- [Source data]
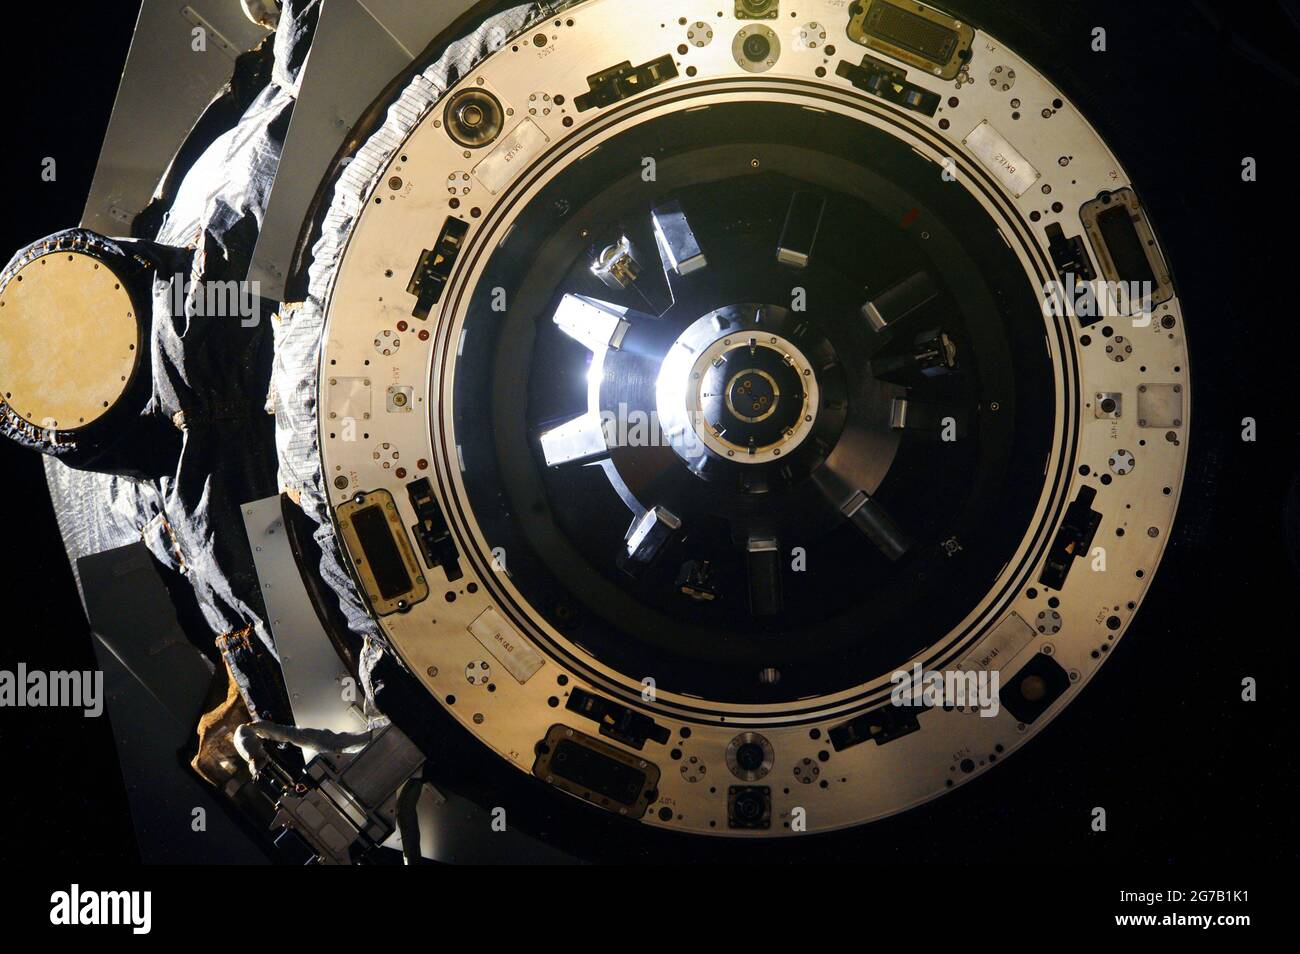 Station spatiale internationale (ISS.) Cette vue en gros plan montre le mécanisme d'amarrage de l'embarcation de réapprovisionnement ISS Progress M-21M (53P) lorsqu'elle se détache du port AFT du module de service Zvezda de la Station spatiale internationale le 9 juin 2014. Une version optimisée et améliorée unique d'une image / crédit de la NASA : NASA Banque D'Images
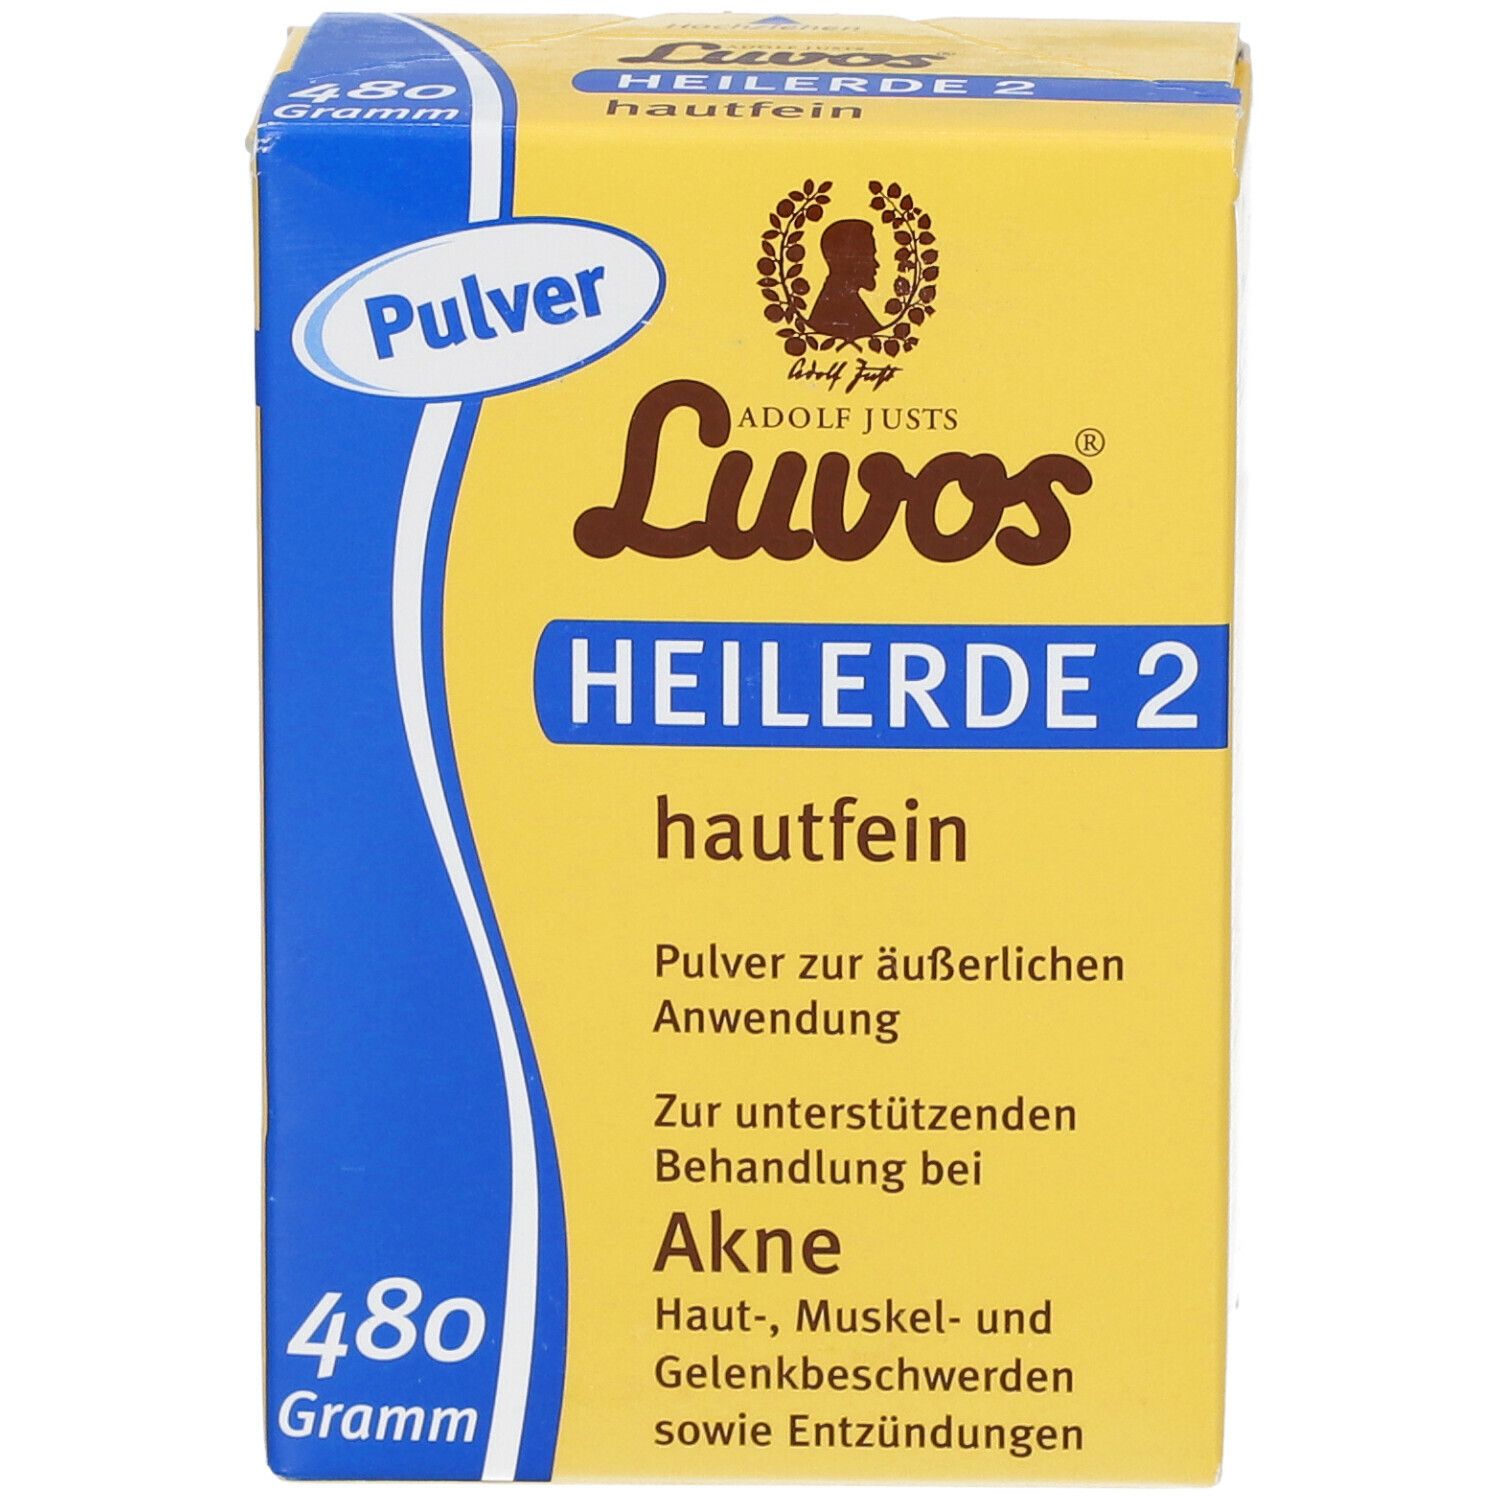 Luvos-Heilerde 2 hautfein
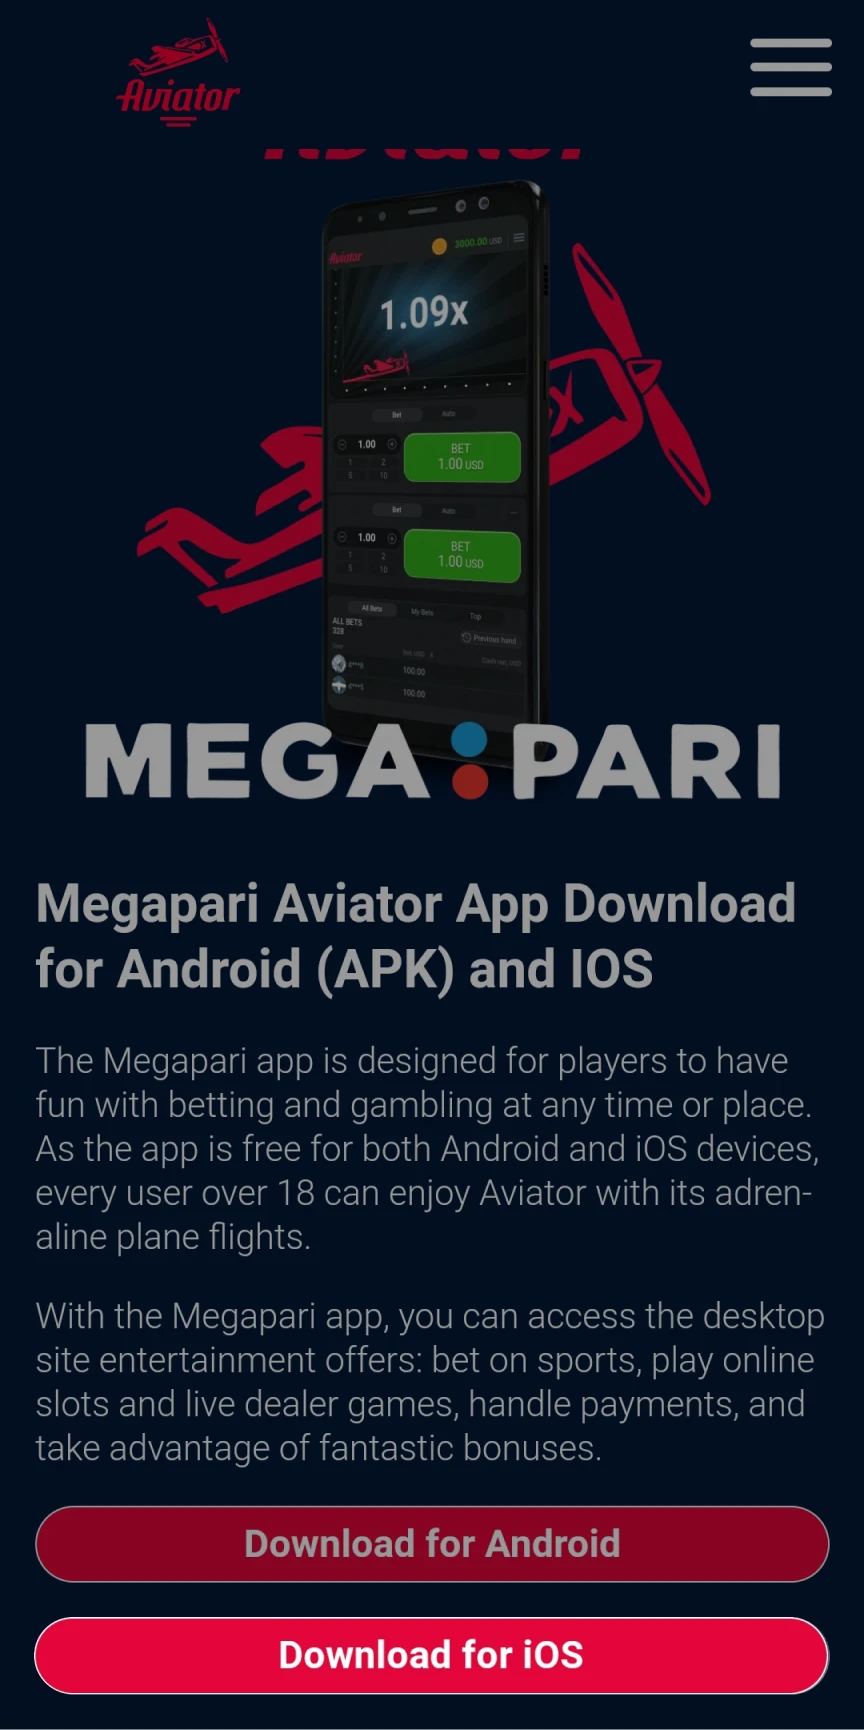 Acesse a página inicial do Megapari para baixar o app para iOS.

- [Work request] Could you output the listing word for word, omitting every picture?

- [Exercise solution]
 Station spatiale internationale (ISS.) Cette vue en gros plan montre le mécanisme d'amarrage de l'embarcation de réapprovisionnement ISS Progress M-21M (53P) lorsqu'elle se détache du port AFT du module de service Zvezda de la Station spatiale internationale le 9 juin 2014. Une version optimisée et améliorée unique d'une image / crédit de la NASA : NASA Banque D'Images
 Luvos-Heilerde 2 hautfein
 Acesse a página inicial do Megapari para baixar o app para iOS.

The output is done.